The desk interprets the Bank of England's decision to maintain the bank rate at 3.75% as a prudent response to current economic conditions, particularly given the uncertainty surrounding energy prices and geopolitical tensions. Per the full note source, the BOE's cautious stance reflects a desire to monitor inflation developments before committing to further rate hikes, with current market pricing indicating a reduced likelihood of immediate increases. This aligns with our broader view of a cautious central bank amid a weakening economy, as evidenced by the shift in market expectations for rate hikes, now pegged at around 50% for June and 61 bps for the year-end. The upcoming economic data will be critical in shaping future monetary policy decisions.

Full Analysis

What the desk is arguing

The desk posits that the BOE's decision to keep the bank rate unchanged at 3.75% is a reflection of a balanced approach to current economic challenges. Per the full note source, the central bank acknowledges the limitations of monetary policy in addressing global energy price fluctuations while remaining vigilant against potential second-round inflation effects.

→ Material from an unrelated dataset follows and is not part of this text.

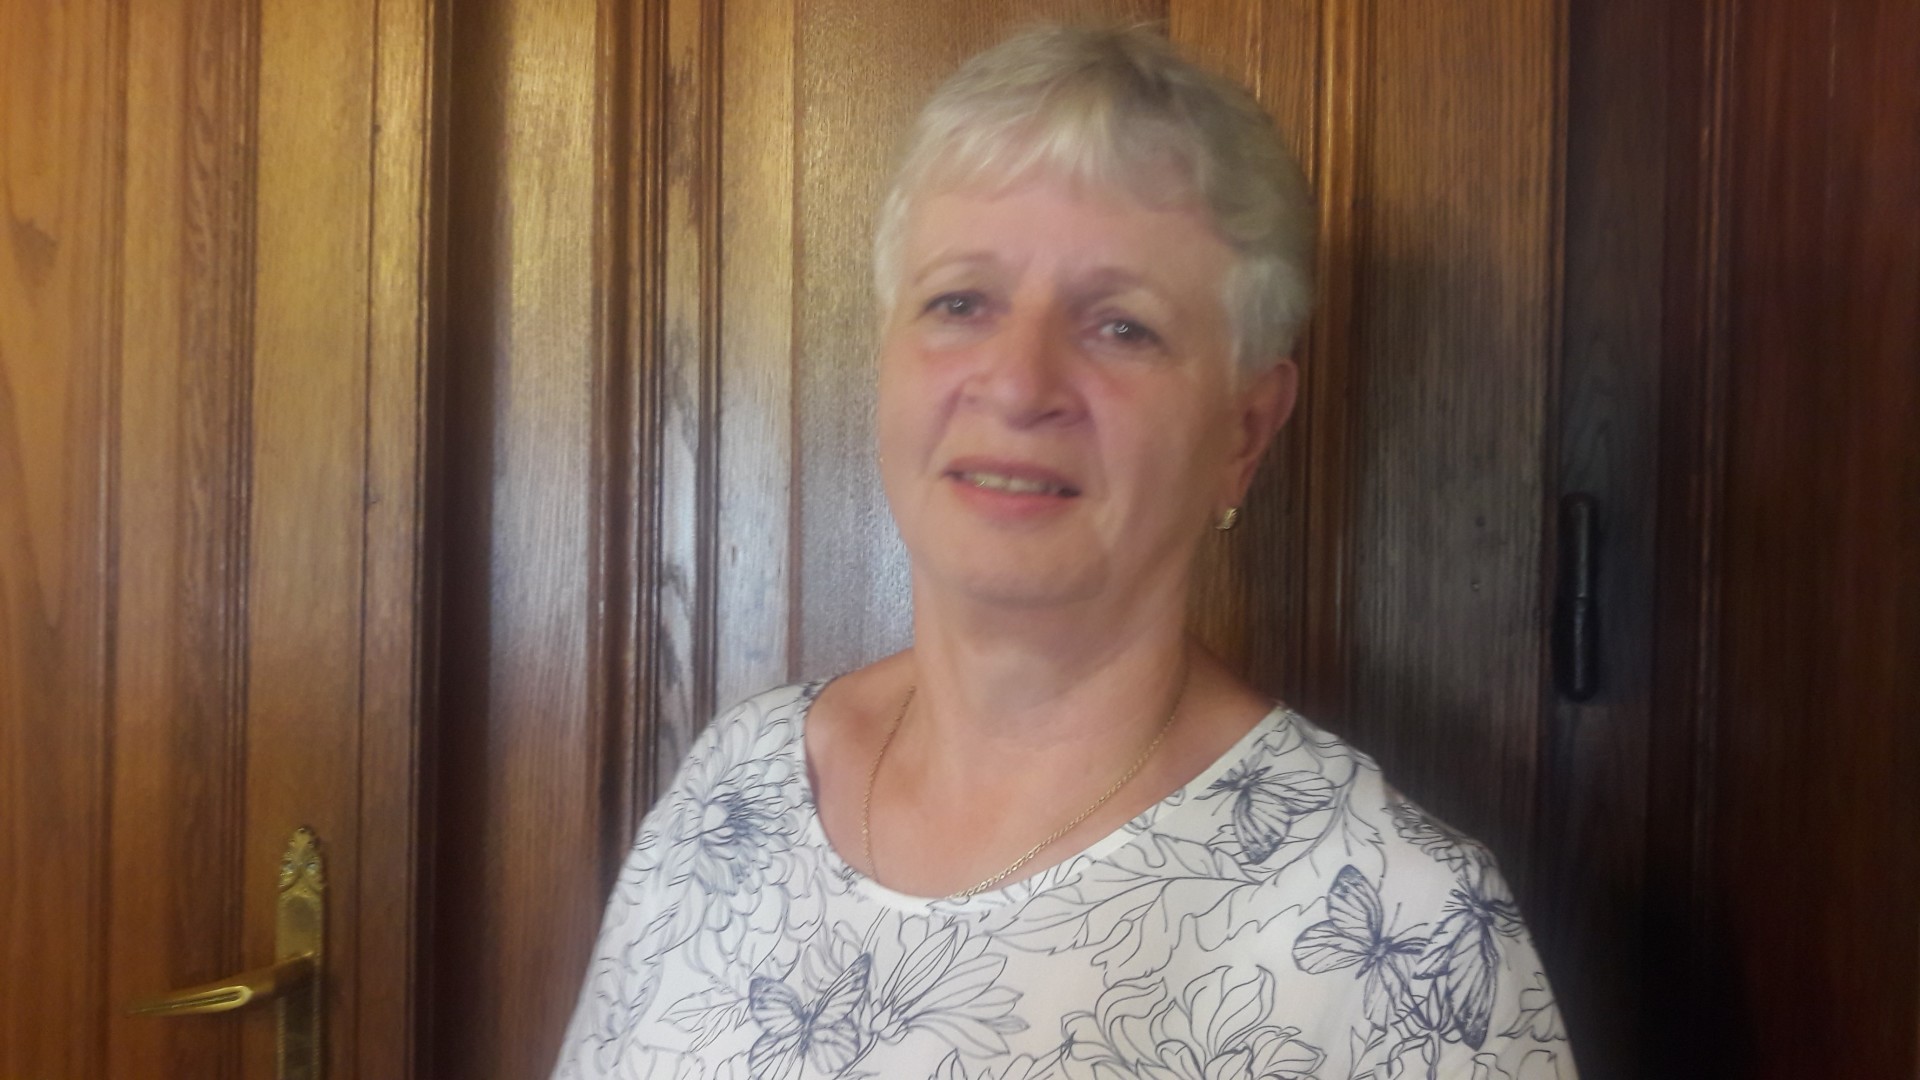 Holcsikné Brummer Mária lett a PSZ Nyugdíjas Tagozatának új vezetője

Market expectations have shifted notably, with traders now pricing in only about 50% odds for a rate hike in June, down from approximately 70% prior to the meeting. This adjustment underscores the market's recognition of the BOE's cautious tone and the prevailing economic headwinds.

Where it sits in our coverage

Our consensus target for GBP/USD is 1.075, with a range from 1.04 to 1.12. Notably, jpmorgan is aligned with our view, targeting 1.10 for March 2026, while bofa holds a contrary position with a target of 1.04 for the same tenor.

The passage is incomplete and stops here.